The figure presented is somewhat confusing as it compares the % of recurrence and no recurrence of SDH for each blood type separately. The better way of presentation is to compare % of recurrence among the groups. For example, showing that type O has x percent, type A y%..... recurrence, and Chi Square for significance.

Author Response

Hamed et al report in manuscript D: brainsci-2303352 an association between type O blood and recurrence of cSDH in a single center in Germany.

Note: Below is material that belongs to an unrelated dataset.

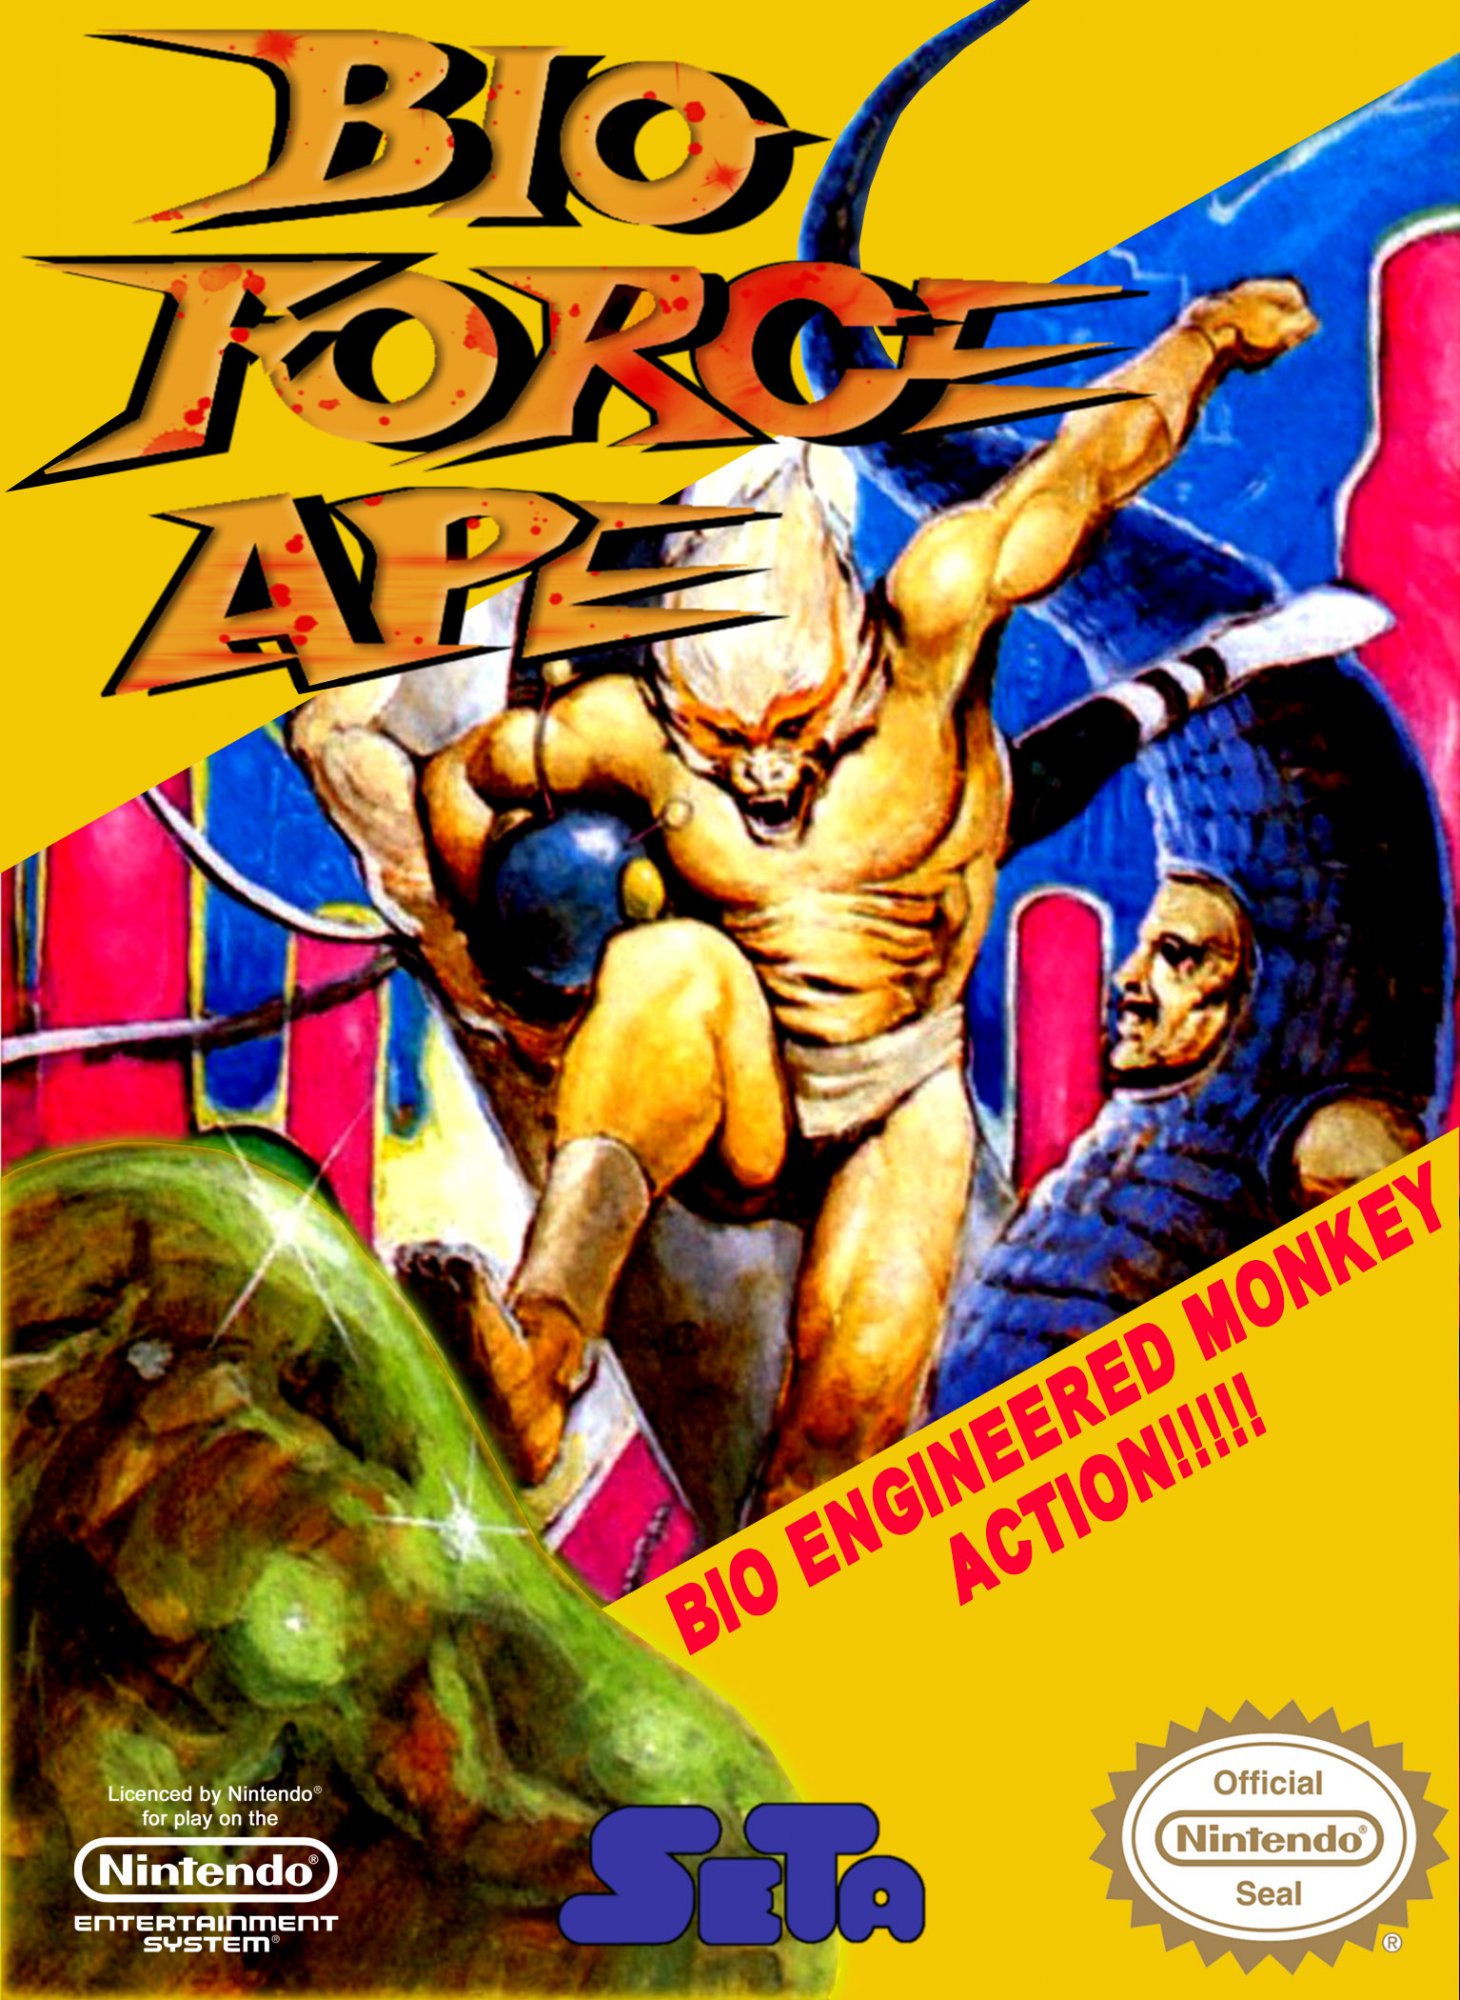 Bio Force Ape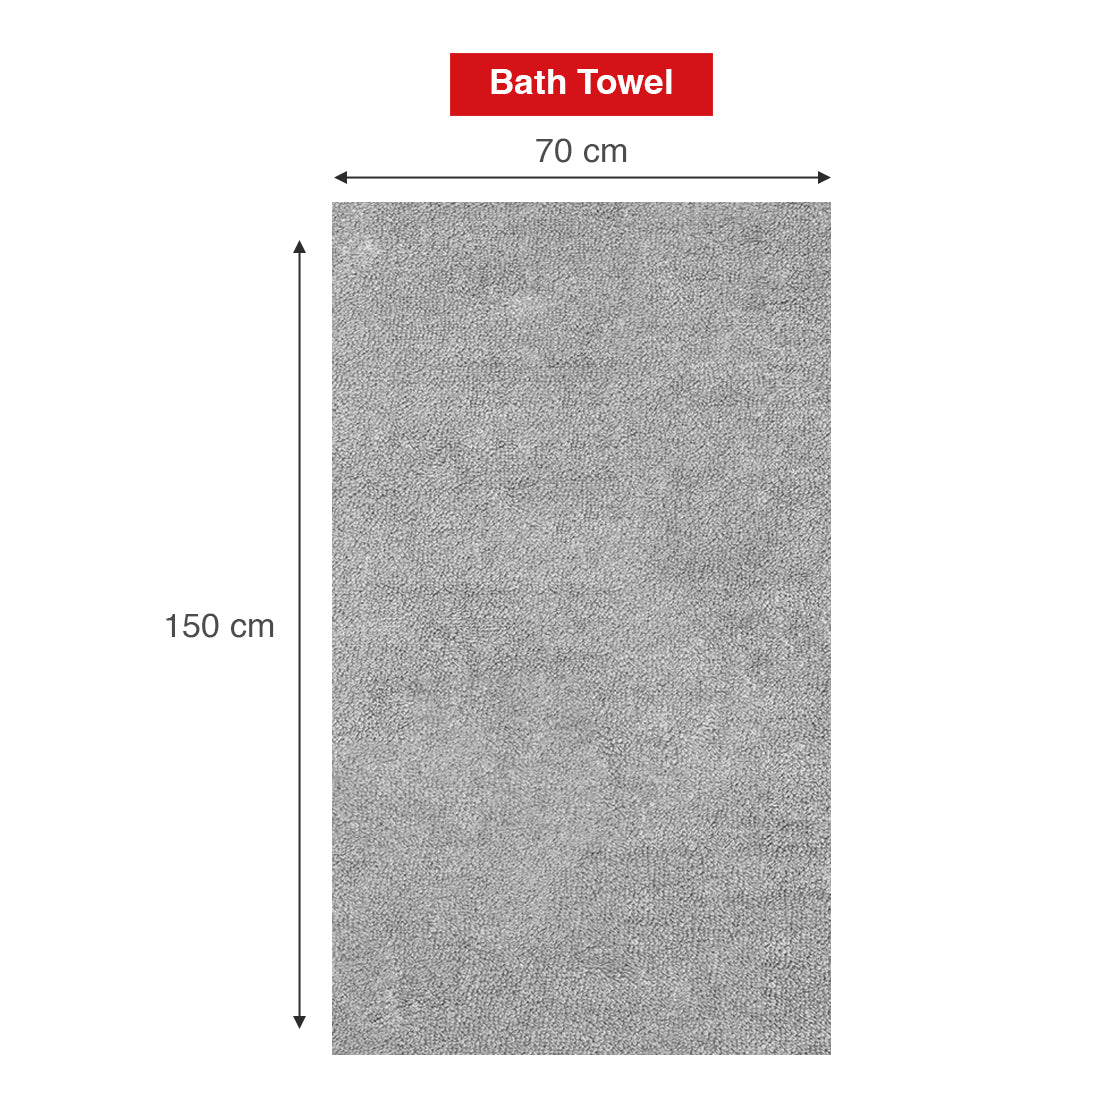 Arias Super Soft 500 GSM Cotton Bath Towel 70 x 150 cm (Lavender)

The rationale for this interesting study is based on previous observations of reduced thrombotic risk, lower vWB levels and the interaction with platelets and specific functions of platelets with type O blood.

Type O blood is the most prevalent blood type and varies among geographical locations (about 38% in Germany).

 

                Author´s response: We thank the Reviewer for this comment.

 

  • The figure presented is somewhat confusing as it compares the % of recurrence and no recurrence of SDH for each blood type separately. The better way of presentation is to compare % of recurrence among the groups. For example, showing that type O has x percent, type A y%..... recurrence, and Chi Square for significance.

 

Authors’ response:

We apologize for the confusion and thank the reviewer for this comment. We have added new figure 1 and figure 2 with percentage and number of blood type und relation to cSDH/recurrence.

 

Changes to the manuscript:

We have added new figure 1 and figure 2 with percentage and number of blood type und relation to cSDH/recurrence.

 


Figure 1: Distribution of blood type in the recurrence group of cSDH

 
   

 

Figure 2: Distribution of blood type in the none-recurrence group of cSDH

 

 

 

Author Response File: Author Response.docx

Round 2

Reviewer 3 Report

I thank the authors for their replies to my comments.